Problem to work on:
Set out word for word the line that contains "PSP communications" and each line after it, through the end of the data below, but exclude the pictures.

Raw data:
[Start of section]

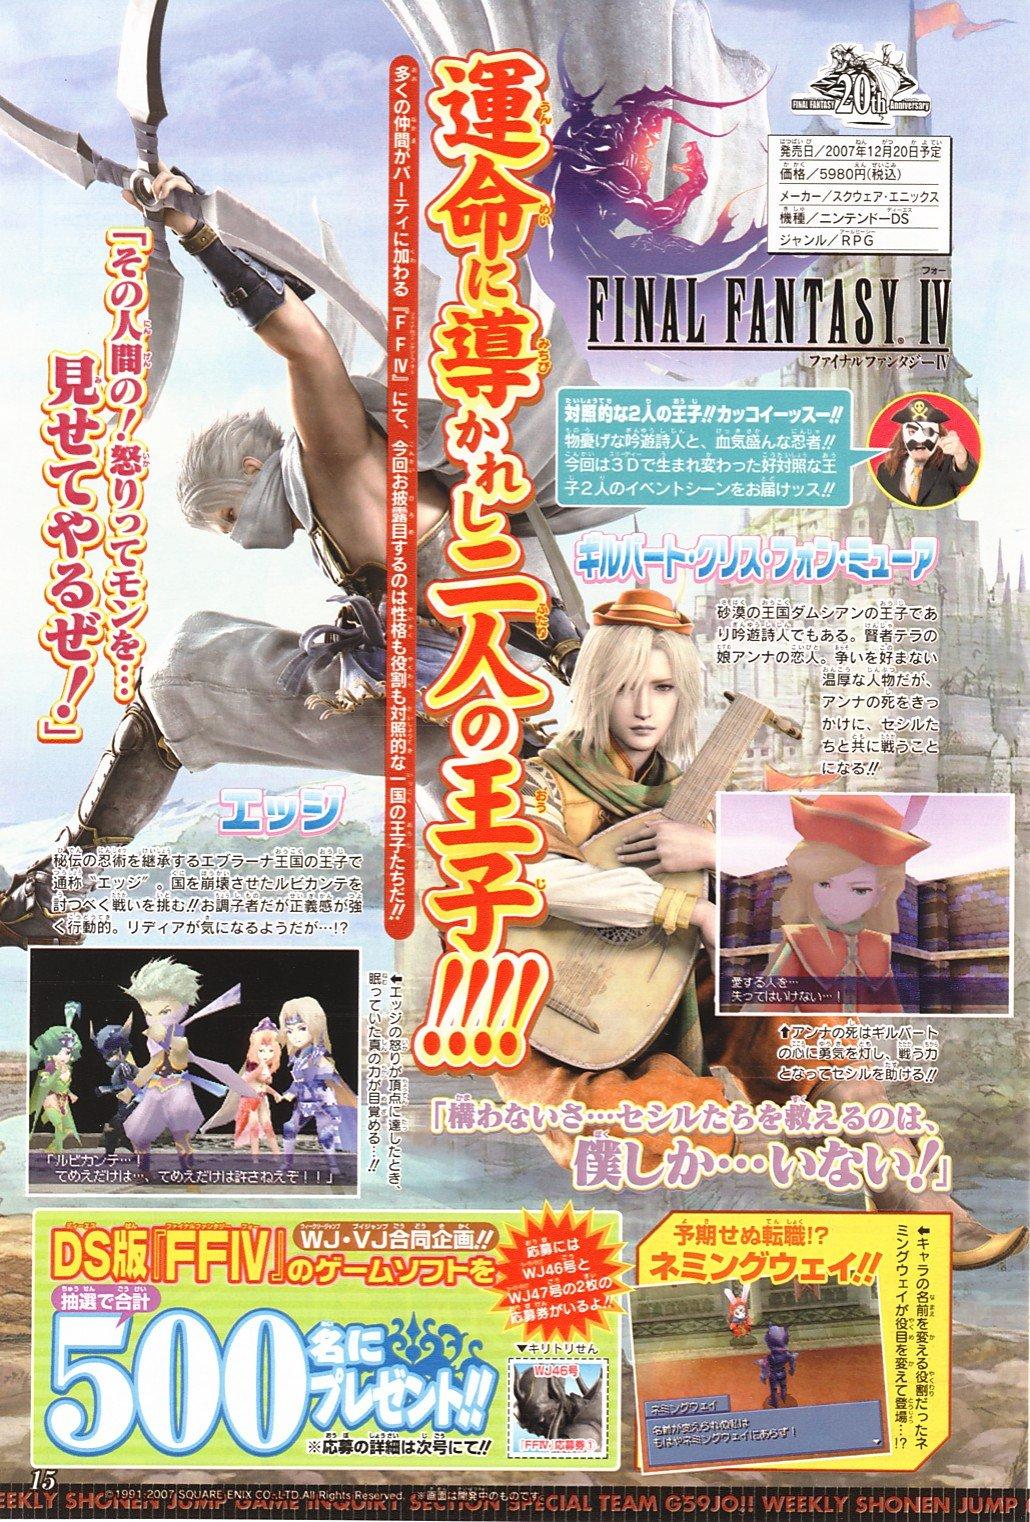 Final Fantasy IV: Deux princes
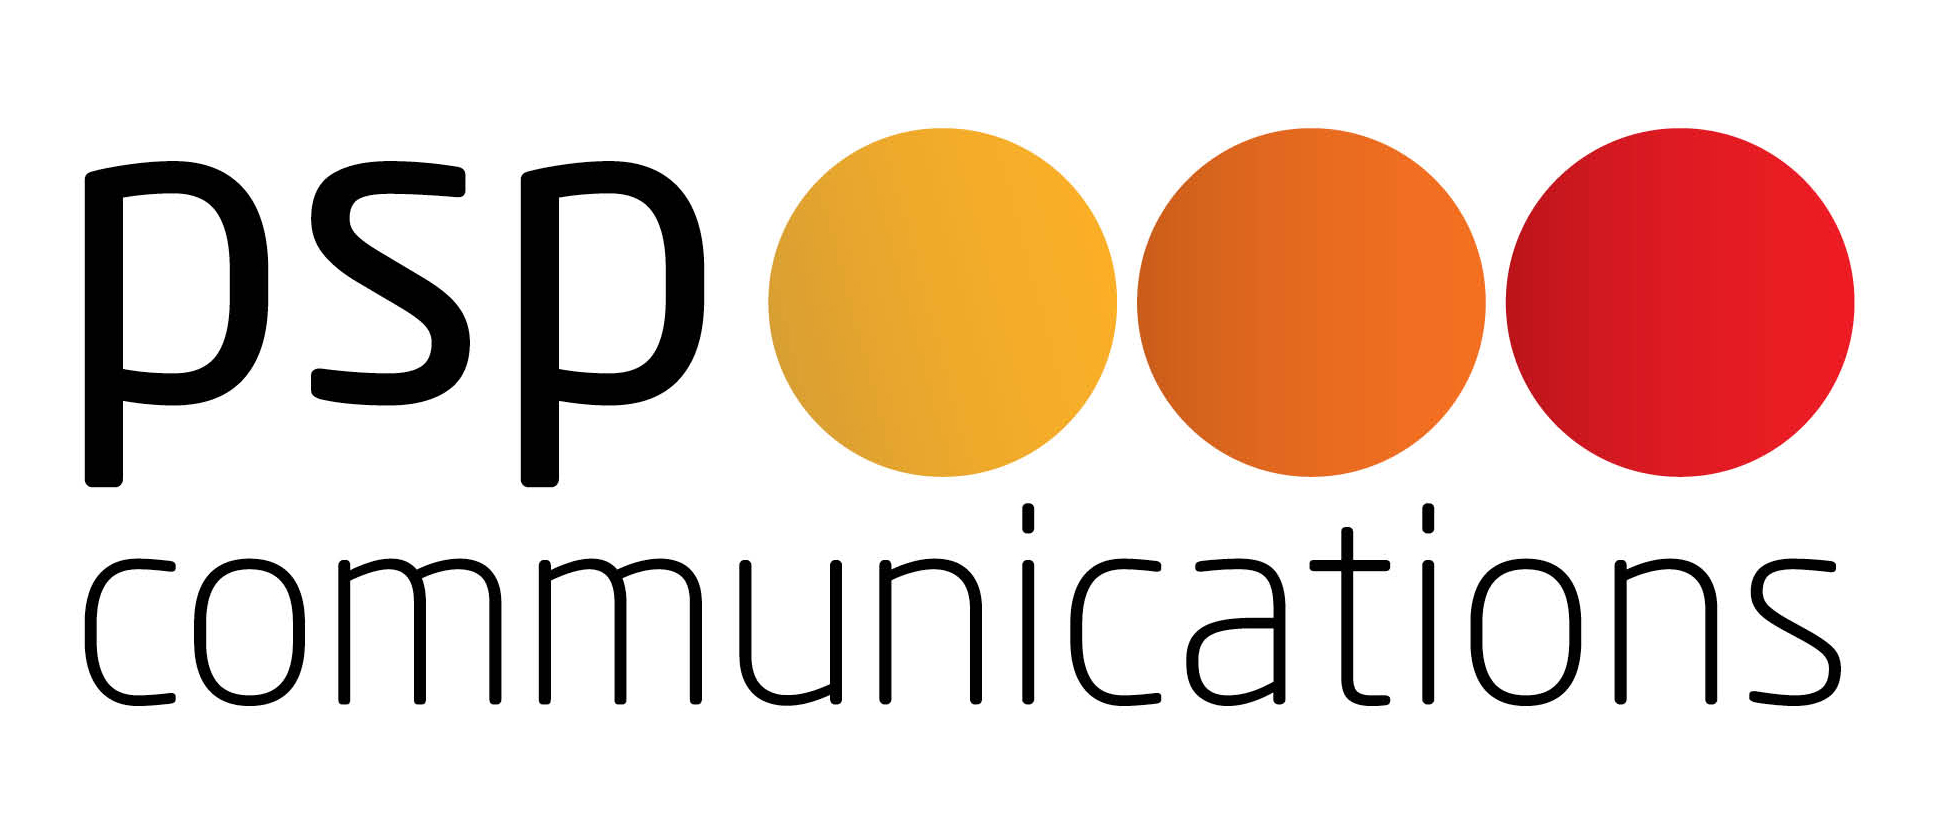 PSP communications
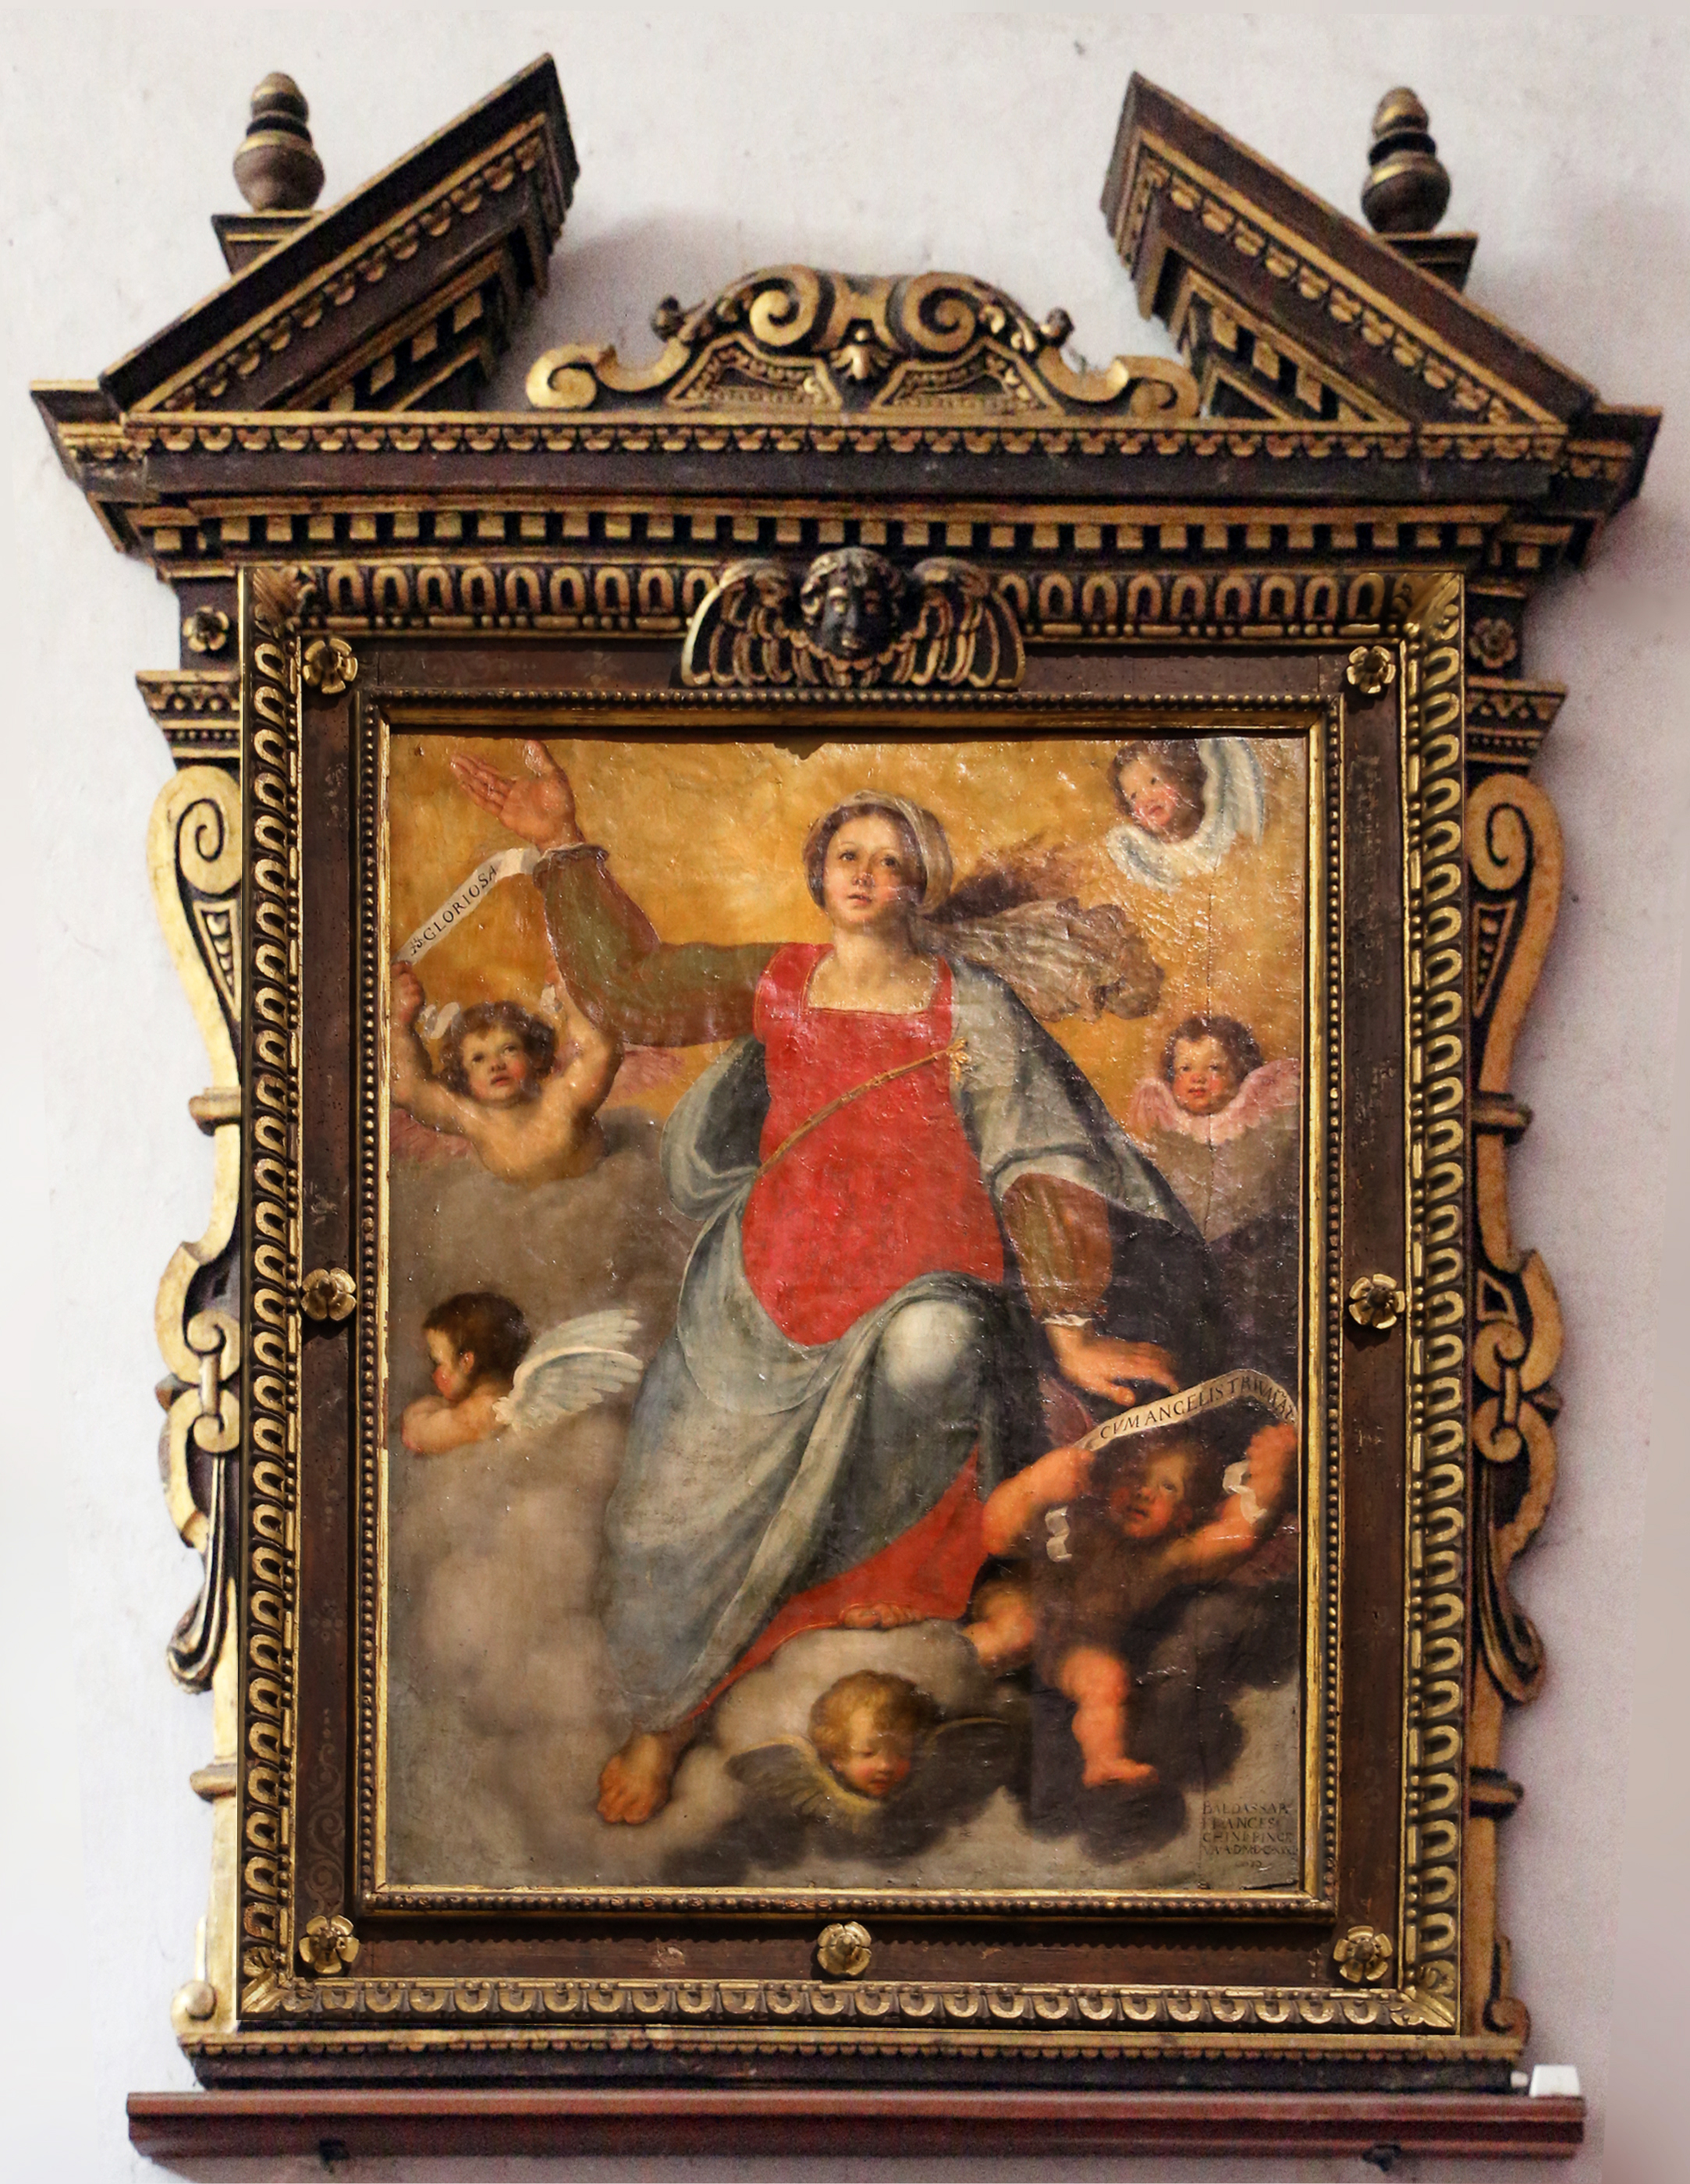 2 Il Volterrano Assumption of the Virgin 3

[End of section]

Solution for this exercise:
 PSP communications
 2 Il Volterrano Assumption of the Virgin 3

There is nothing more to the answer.